Again, re-read what I posted earlier. It includes statements like "There's nothing wrong with liking 5e D&D lore and 2024 Greyhawk." This is a discussion forum, we're allowed to discuss.
Instead of constantly bitching about how they are changing the setting, why not celebrate the ten thousand different versions of Greyhawk?
Watch this space.
 

There absolutely is a default, it's FR.
Well, that's not baked into the game and can certainly change. In 3e the default was explicitly Greyhawk. In BECMI OD&D the default was Mystara. In the Black Dragon OD&D boxed sets it was a mini-setting called Thunder Rift. I don't think 5e has a declared default setting, but given FR gets all the love it's fair to assume it is for now. The default setting for 6e in 10 years could be Spelljammer or Ravinica for all we know.

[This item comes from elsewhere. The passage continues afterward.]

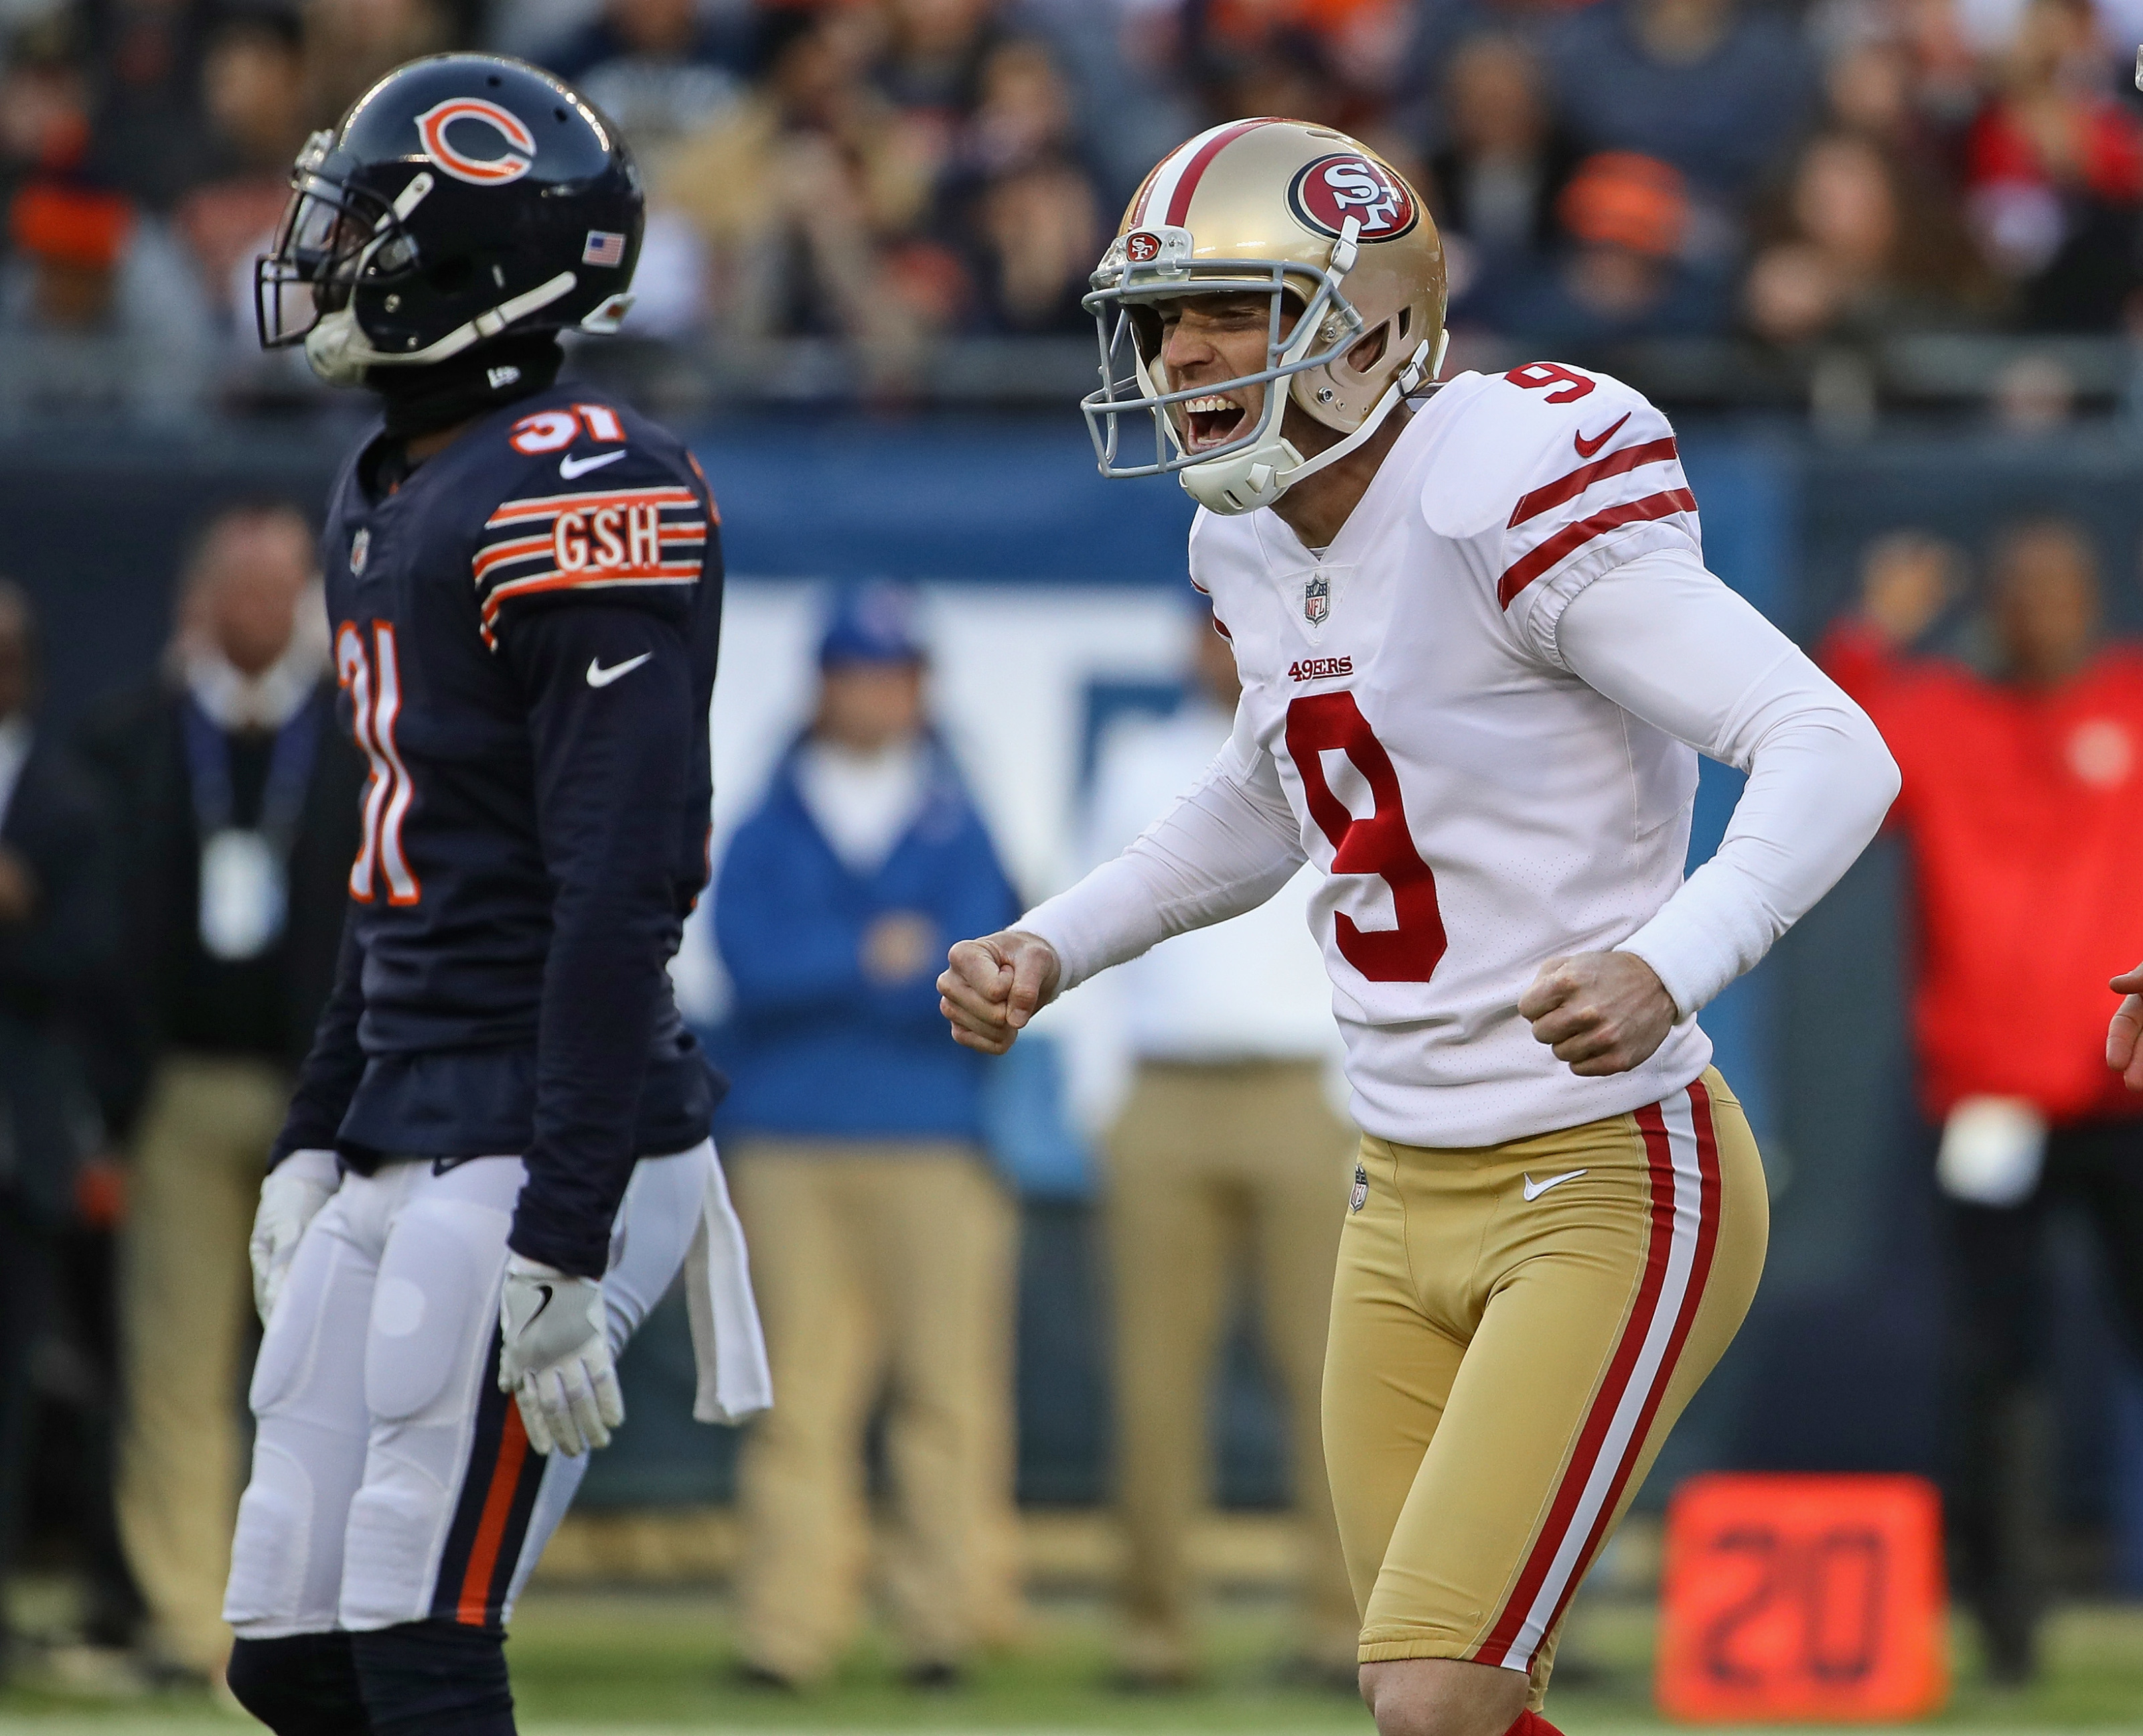 Chicago Bears: Robbie Gould explains his current situation

By contrast, my other favourite game WFRP has been set in the Old World for all 4 of its editions, even the weird one with all the FFG tokens. Shadowrun is always set in a Cyberpunk version of our world etc.
 

Sure, but it was the Tolkienen races back in the day
Only because there was a fad for Tolkien in 1970s USA. Given that it is no longer the 1970s, and many players do not live in the USA, it’s not particularly relevant now.

If Tolkien is what you like, there are Middle Earth products available, or you can homebrew your own Middle Earth.

It’s a shame they got slapped down for using Barsoom races, D&D would have looked very different.